The Mongoliad Book Three

Frederick smiled briefly at the title, and again when he caught sight of Pecorara scowling at the other Cardinal. “I asked you to step ahead of your brother. You are merely alongside him. Get the hell in front of him, man, you are the one I am talking to now.”

 

 

Looking like a rabbit wondering which way to flee from two dogs, Monferrato took another careful step forward. Ocyrhoe could see Pecorara bristle. What silly games, she thought. Ferenc was still tugging Helmuth’s sleeve, hoping for a translation of what was happening. Ocyrhoe reached over and started to spell out the Latin word for what had just happened, but changed her mind at the last moment. Cast out, she signed. Surely he would understand that much, she thought. The youth glanced uncertainly at Frederick and then at Ocyrhoe. Ferenc shrugged, letting her know that he understood what she was telling him—this was something very bad that churchmen could do to other people—but he was not sure what it meant, exactly.

 

Frederick didn’t seem at all perturbed.

 

“Your Eminence,” said Frederick to Monferrato. “If you will give me your solemn oath that you will not perform this same heathenish ritual against me, I will liberate you, instead, and my young scouts here will take you to the Papal enclave. Do not look behind you at Pecorara; this is your decision, and you must make it on your own.”

 

There followed an eternal period of perhaps five heartbeats, as the Cardinal struggled internally with all sorts of demons whose power over him Ocyrhoe could not comprehend. It was transparently obvious that he would agree, so when at last he did so, with a single mute nod, Frederick’s smile of relief seemed exaggerated to her.

 

“Very well,” the Emperor said, his smile vanishing. “Let us not let this moment of enthusiasm escape. Horses are waiting for you. Get yourself to Rome and end this wearying sede vacante.”

 

 

 

 

 

Rodrigo struggled to rise, but the weight of the vision—of the dying trees, fallen all around him—held him fast. He tried to draw breath, tried to call out to God to ease his suffering—surely he had carried this weight long enough?—but his plea was cut short by a fresh, blinding flash. The ground was hard as stone, yet it shattered and gave way beneath him, and he fell a thousand freezing years through blackness, until suddenly he landed.

 

Was this Hell? It was hot enough—but no, the air was bright, and sunny, dusty even. This was some place on earth, perhaps in the Levant.

 

He felt and then heard a low, melodic rhythm and looked around to see he was surrounded by a thousand men, wearing only loincloths and sandals, sweat glinting from the ribs clearly visible beneath their sun-baked skins, groaning in pained protest against their burden: lined up in long rows pulling at a heavy rope, whipped by cruel slave-drivers wearing hardly more than they were, toiling away at the something that loomed over them.

 

Rodrigo looked up to see what he had already guessed would be there: a half-built pyramid.

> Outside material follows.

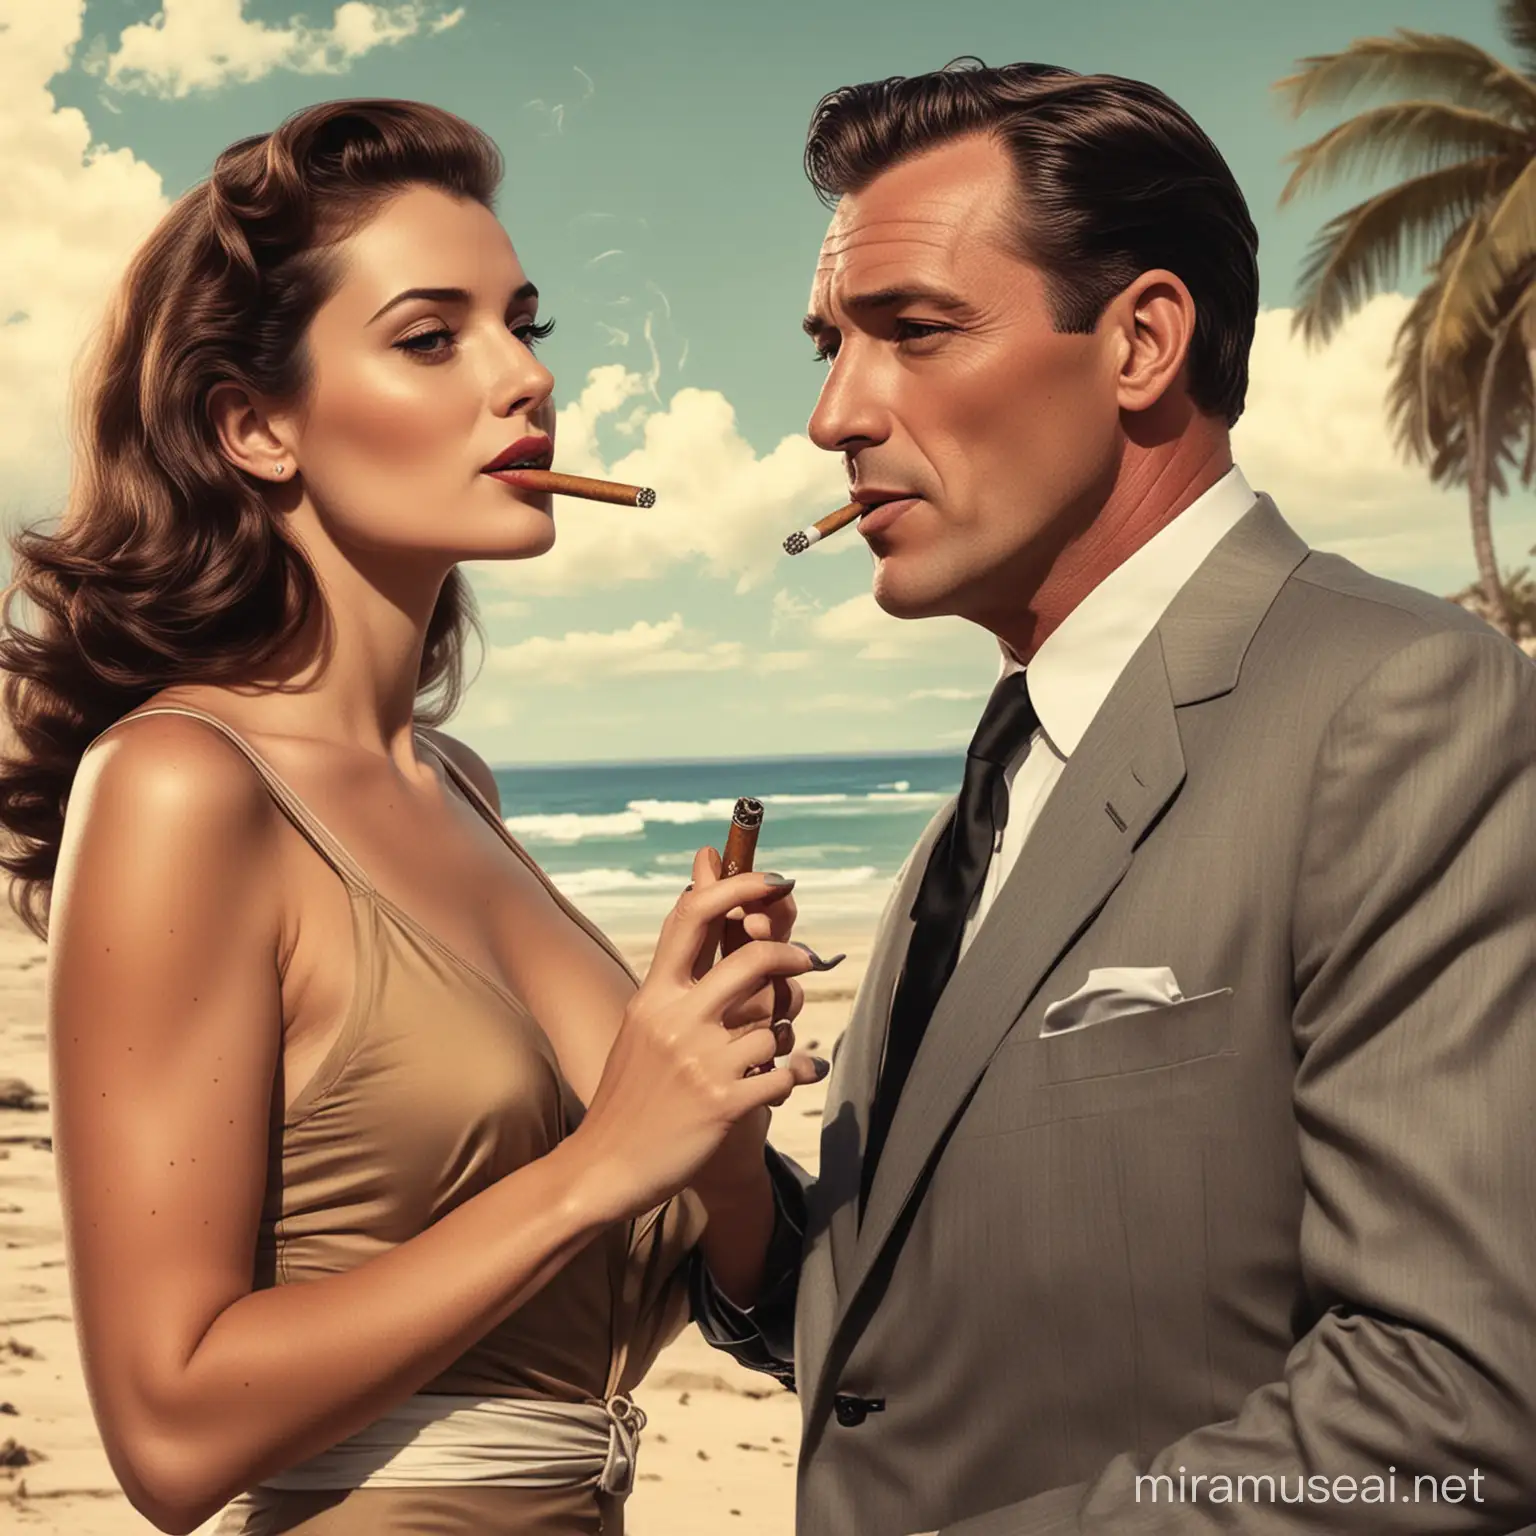 Vintage CIA Spy and Femme Fatale Enjoy Cigars on Seaside Retreat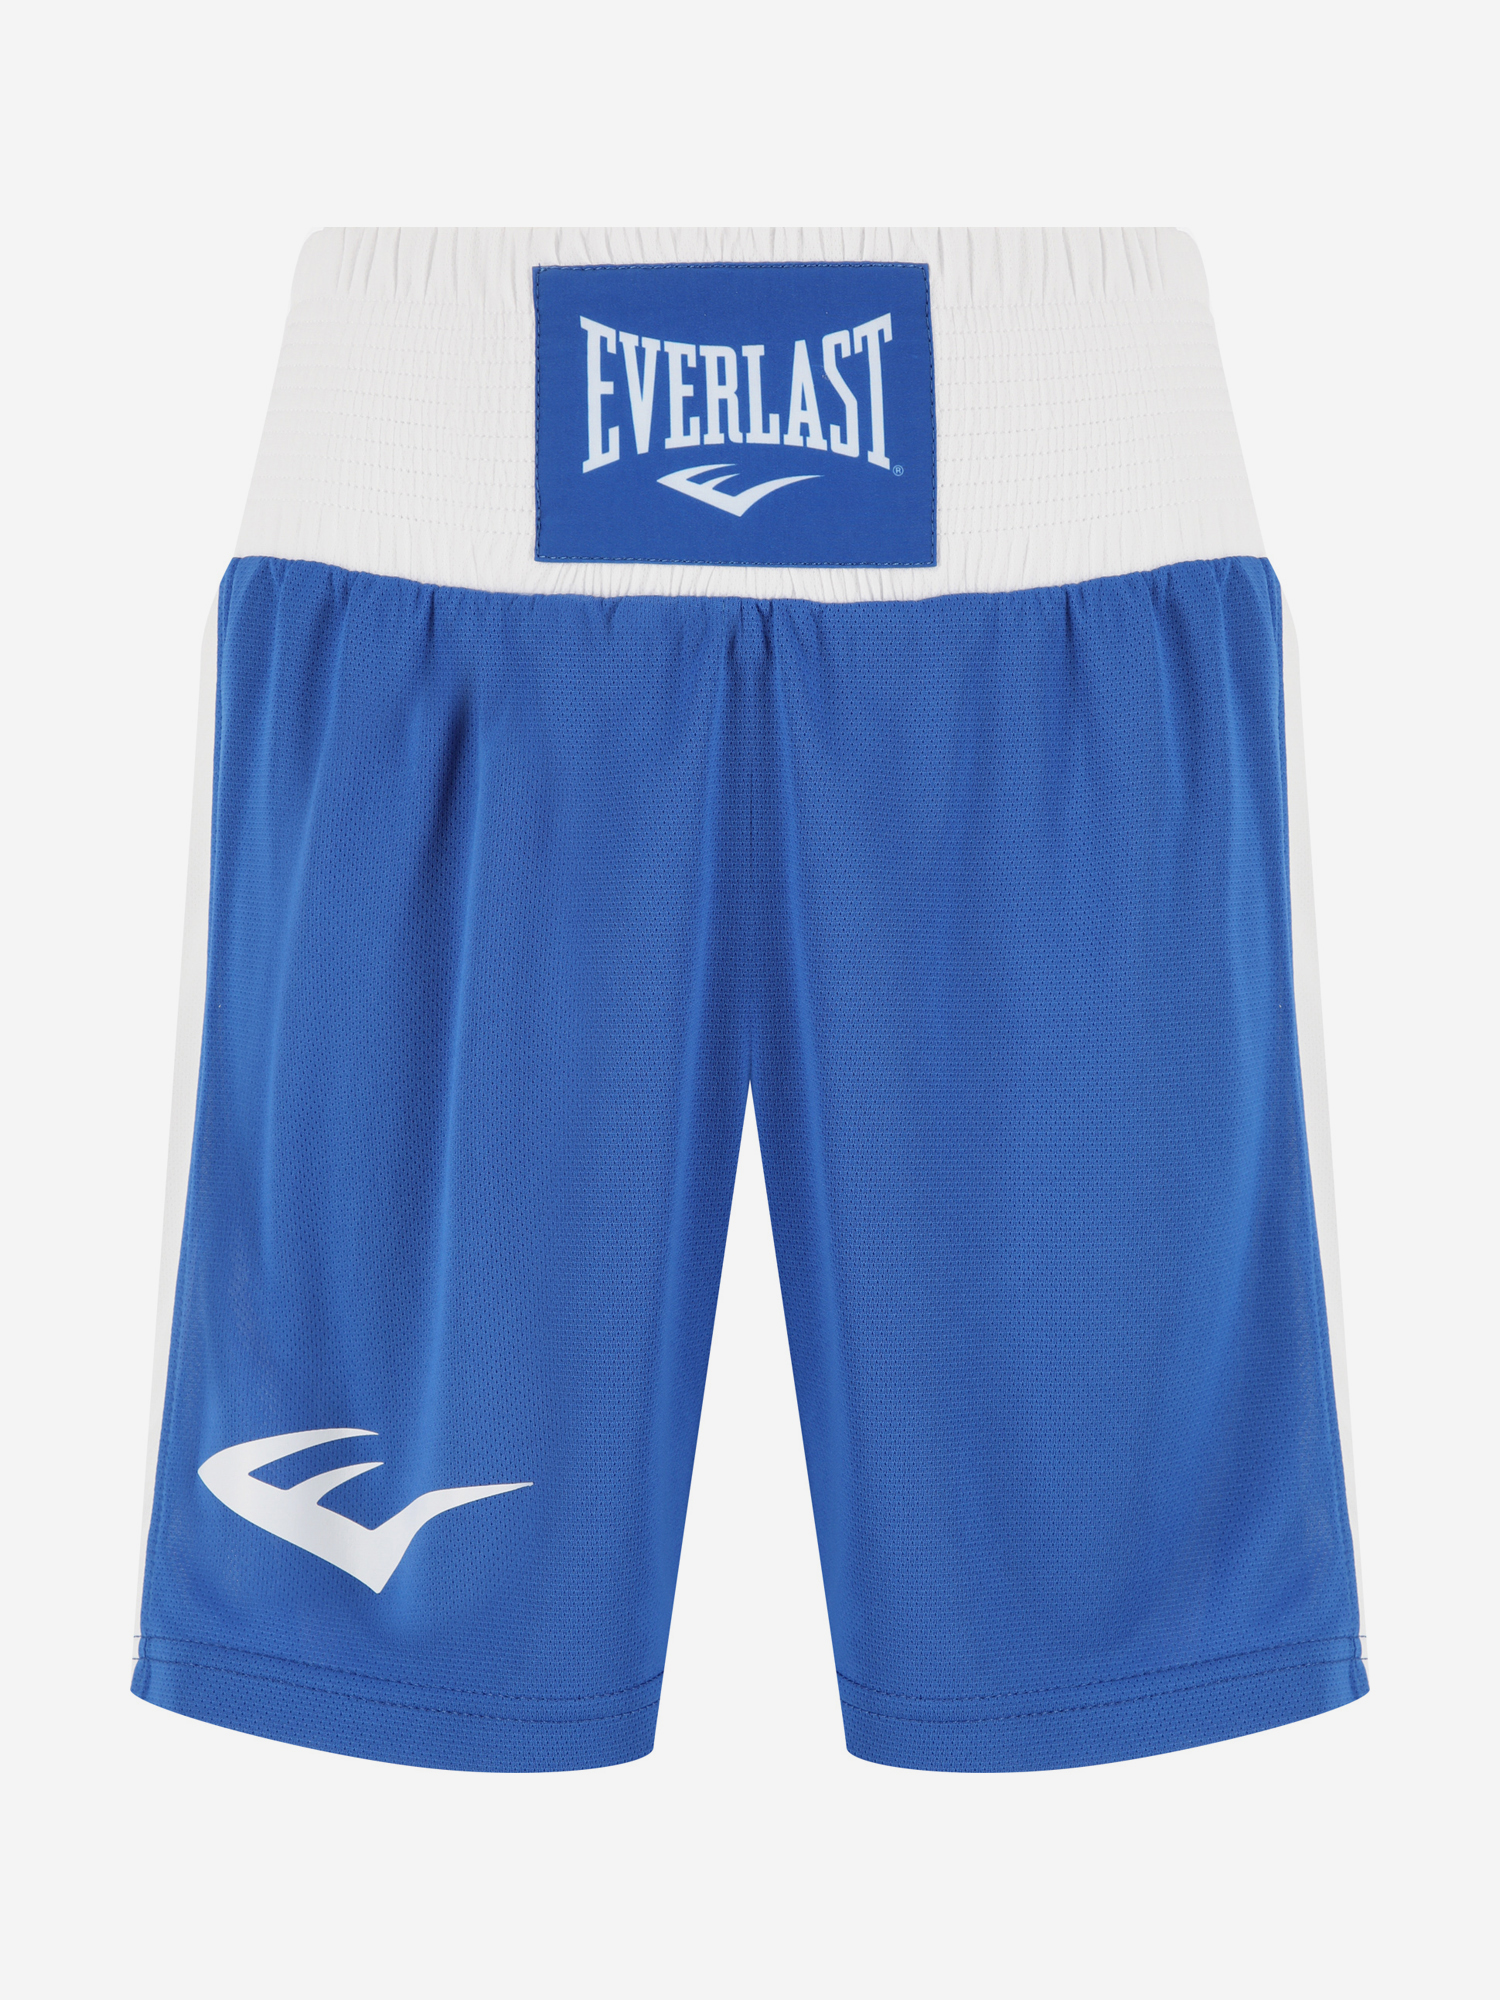 Шорты для бокса Everlast Shorts Elite, Синий шорты для бокса everlast shorts elite синий

These driven men were tugging the next huge block into place, and he knew them, he knew them all: these were the sons of Israel, enslaved in Egypt.

 

The clouds rolled on overhead, tempering the heat of the day, and several men looked up in hopeful anticipation of a drizzle. But with a cough of thunder, the clouds darkened, opened great rents in the heavens—and the rain plummeted in sheets, but this rain was red and warm and sticky-slick: with shrieks of horror and disgust, the men held their hands over their heads and began to run around aimlessly, dragging their fetters and their overseers after them—all desperate for a shelter that was not there.

 

Rodrigo watched once more as if he stood before a stage spectacle; no blood fell on him, but he could hear it spatter on the ground and on men’s skin; the air reeked of it, a foulness that made him choke and gag. As the screams grew louder and the panicked raced about more frantically still, the rain of blood gave way to a slimy cascade of frogs—live frogs, landing in heaps below the angry green sky, their croaking glugs of fear and confusion almost as loud as the cacophony of the men on whom they fell. Many that did not split open and spill their innards were instantly trampled on and smashed flat; others hopped about and added to the bedlam, as Rodrigo watched, knowing with a sick feeling, exactly what had to come next.